Over at his Slow Boring site, Matt Yglesias has a bit of a screed against the “climate left.” He argues, basically, that the activist groups (like the Sunrise Movement) pushing for transformational action on climate change are ignoring political realities, are muddling up too many other issues along with climate, and are in fact acting as a deterrent to some of the incremental progress that the Biden administration is attempting to achieve.
I have a few thoughts. First of all, I think there are two arguments in here that are actually more separate than Yglesias allows. One is that the climate left is ignoring political reality in such a way that will actually slow progress on climate change; and the other is that the left’s messaging approach—essentially, repeating very loudly to both Republicans and Democrats that climate change represents an existential emergency and accepting half-measures is tantamount to failure—is counter-productive, given the public’s general lack of willingness to sacrifice toward truly solving the problem.
I recognize that divorcing the arguments is more or less an attempt to ignore the first, in that the messaging approach does in fact exist inside a world where political reality stands in the way of progress. But if you are willing to take a step back then it gets at a sort of unanswerable angle to this that I think of as a sort of anthropic principle (it’s not a perfect analogy at all but whatever my brain has decided to stick with it) of climate change.
“Climate groups seem to be operating in a reality where there is massive public support for much more dramatic action on climate change and the only thing standing in their way is a need to sweep aside the power of corrupt and timid moderate Democrats,” Yglesias writes. He cites some polling suggesting the public just doesn’t care enough about climate change. But the more moderate approach to the topic has dominated Democratic efforts on climate for, well, ever, and the “climate left” as a voluble entity just isn’t all that old. And yet here we are, with polling suggesting the public just doesn’t care enough about climate change.

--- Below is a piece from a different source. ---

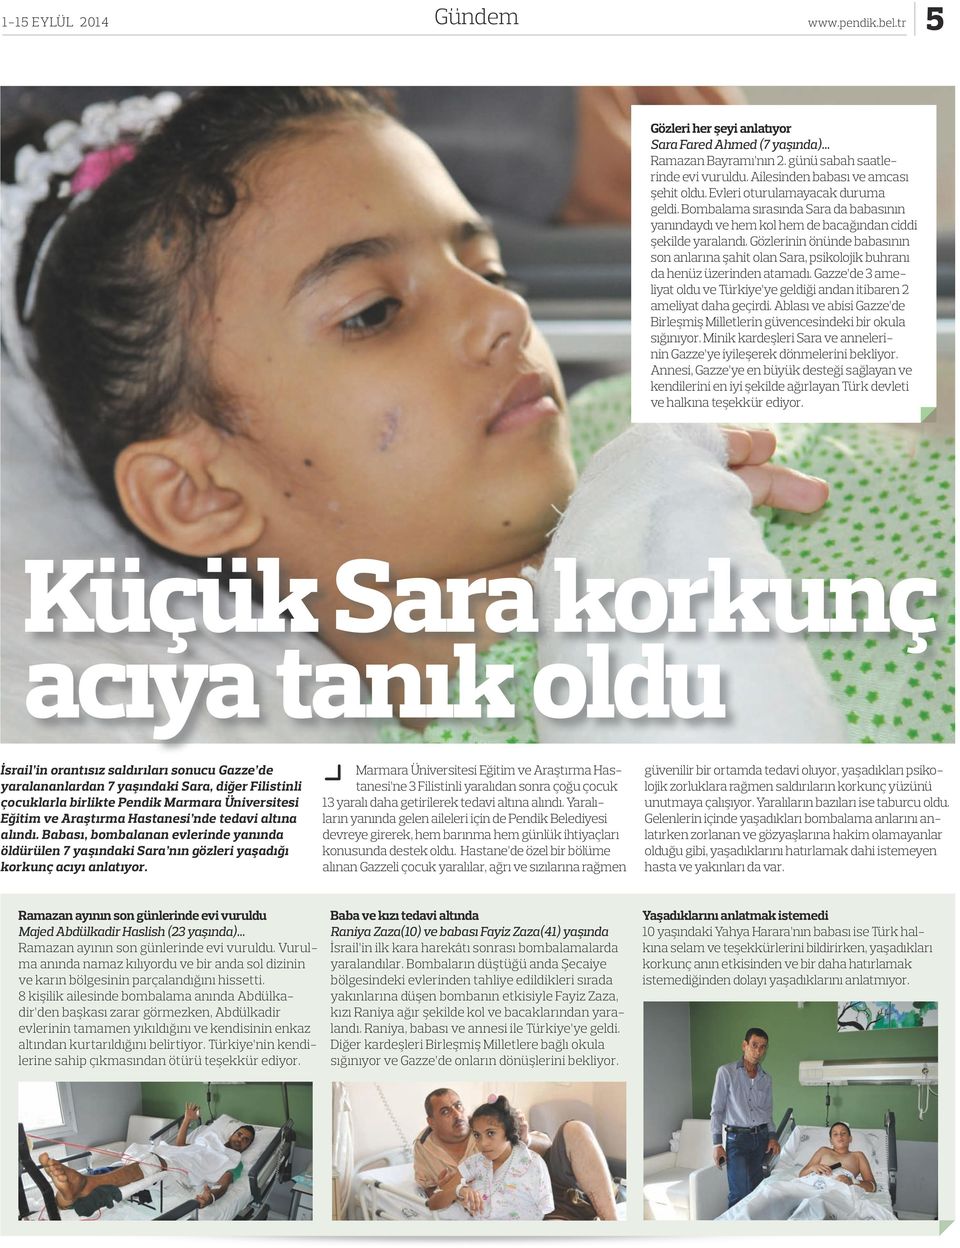 Gözlerinin önünde babasının son anlarına şahit olan Sara, psikolojik buhranı da henüz üzerinden atamadı. Gazze de 3 ameliyat oldu ve Türkiye ye geldiği andan itibaren 2 ameliyat daha geçirdi.
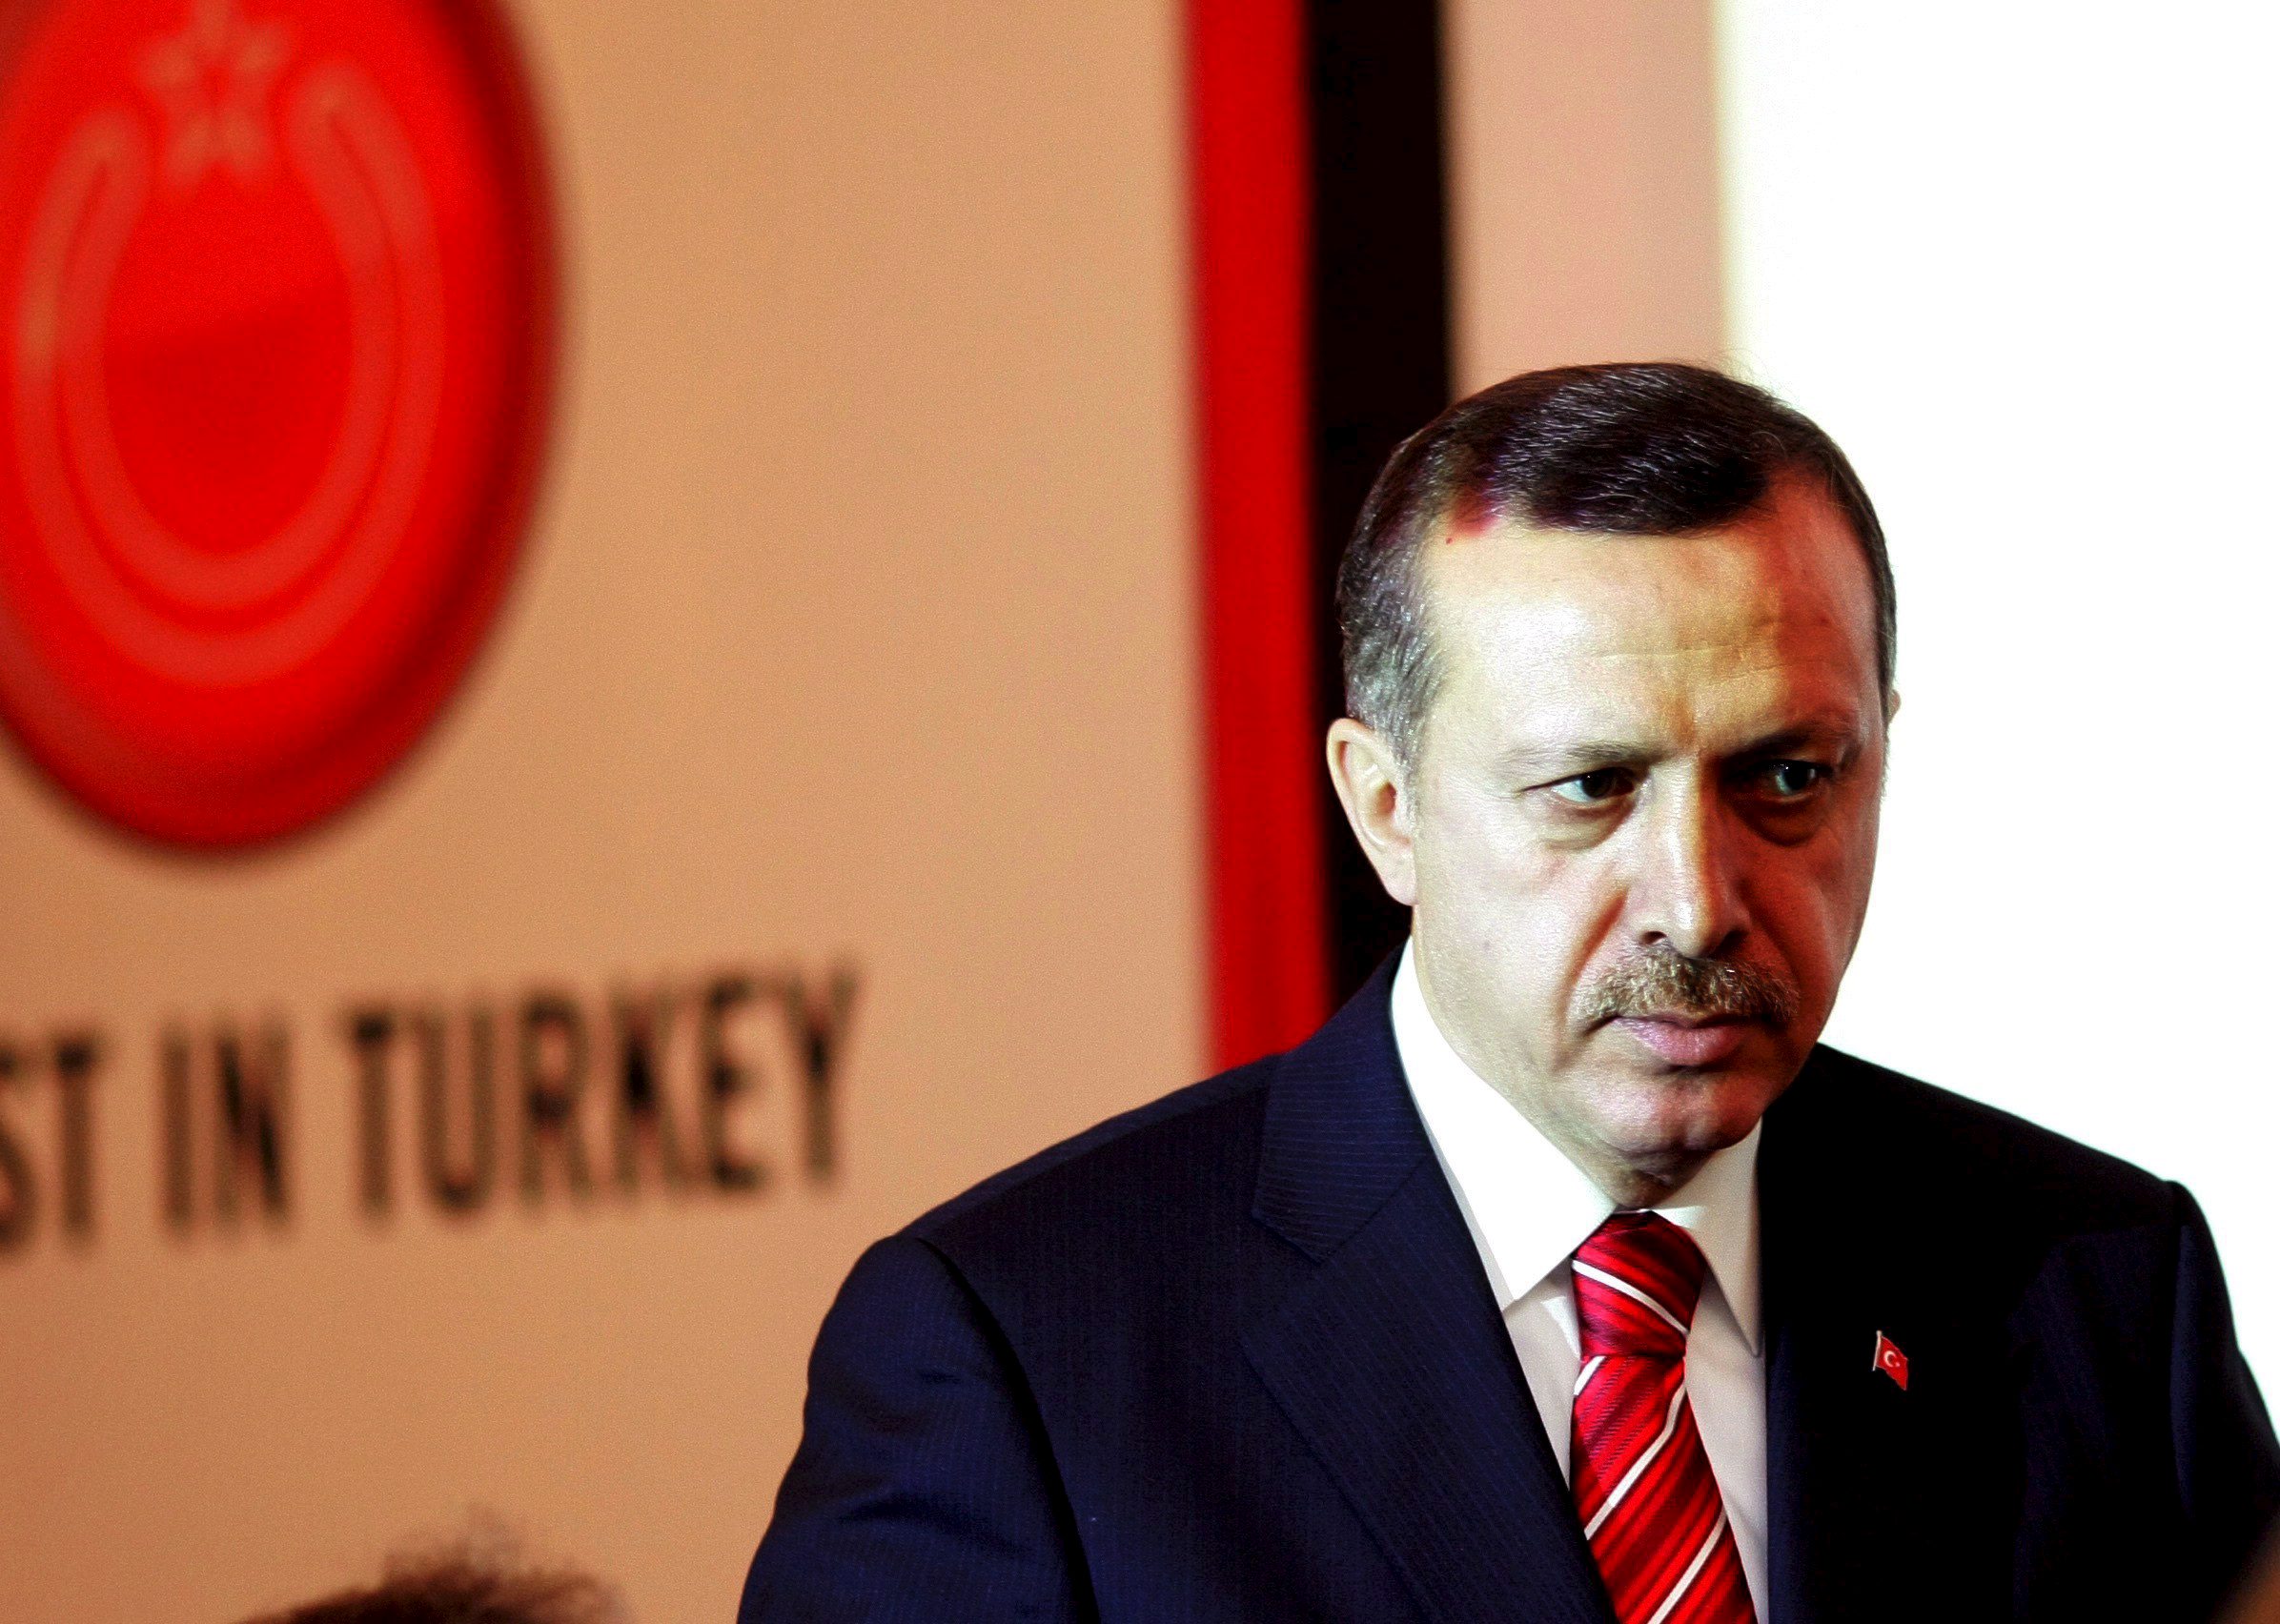 El Gobierno de Turquía incrementa las acciones en contra de quienes considere oposición a su gestión, argumentando que apoyan al terrorismo en ese país.

We did what we did and ended up here—how is the resulting argument to just keep doing what we did?
Yglesias thinks the protests at the White House should stop because the various bills the Biden administration is pushing do in fact contain some climate solutions stuff, from funding to public transit to upgrading the electricity grid, and the climate left should turn to being “politically helpful.” A more popular Biden, and a more popular Democratic Party, the argument goes, are what is necessary to improve the outlook for real progress on climate. (As a quick aside, as I’ve argued before, the issue of timing is different for climate than almost any issue in history, in that it is functionally irreversible, and thus while things like a more friendly federal judiciary are certainly important to protect progress in the long run it is hard to see them as core to the basic, incredibly urgent need to reduce emissions.) But Yglesias also acknowledges another truth, that there is “just no way you’re going to get a massive climate bill without an engaged grassroots movement demanding one.”
His argument is that such a movement does not presently exist, with the current climate left too scattershot and muddled, in his view, to achieve the goal. But it seems oddly defeatist and even somewhat circular to act as though no such movement will exist. Again, the climate left is relatively new, and the last few years have been confusing; maybe these are the stutter steps toward a true grassroots movement that really can make a big difference—demanding that the nascent groups suddenly defer to the moderate center-left because there is some money for rail travel in a bill seems somewhat premature. I’m no grassroots organizer of course, but neither is Yglesias, and I’m just not sure that quoting a few Gallup polls is a case-closed sort of argument on this.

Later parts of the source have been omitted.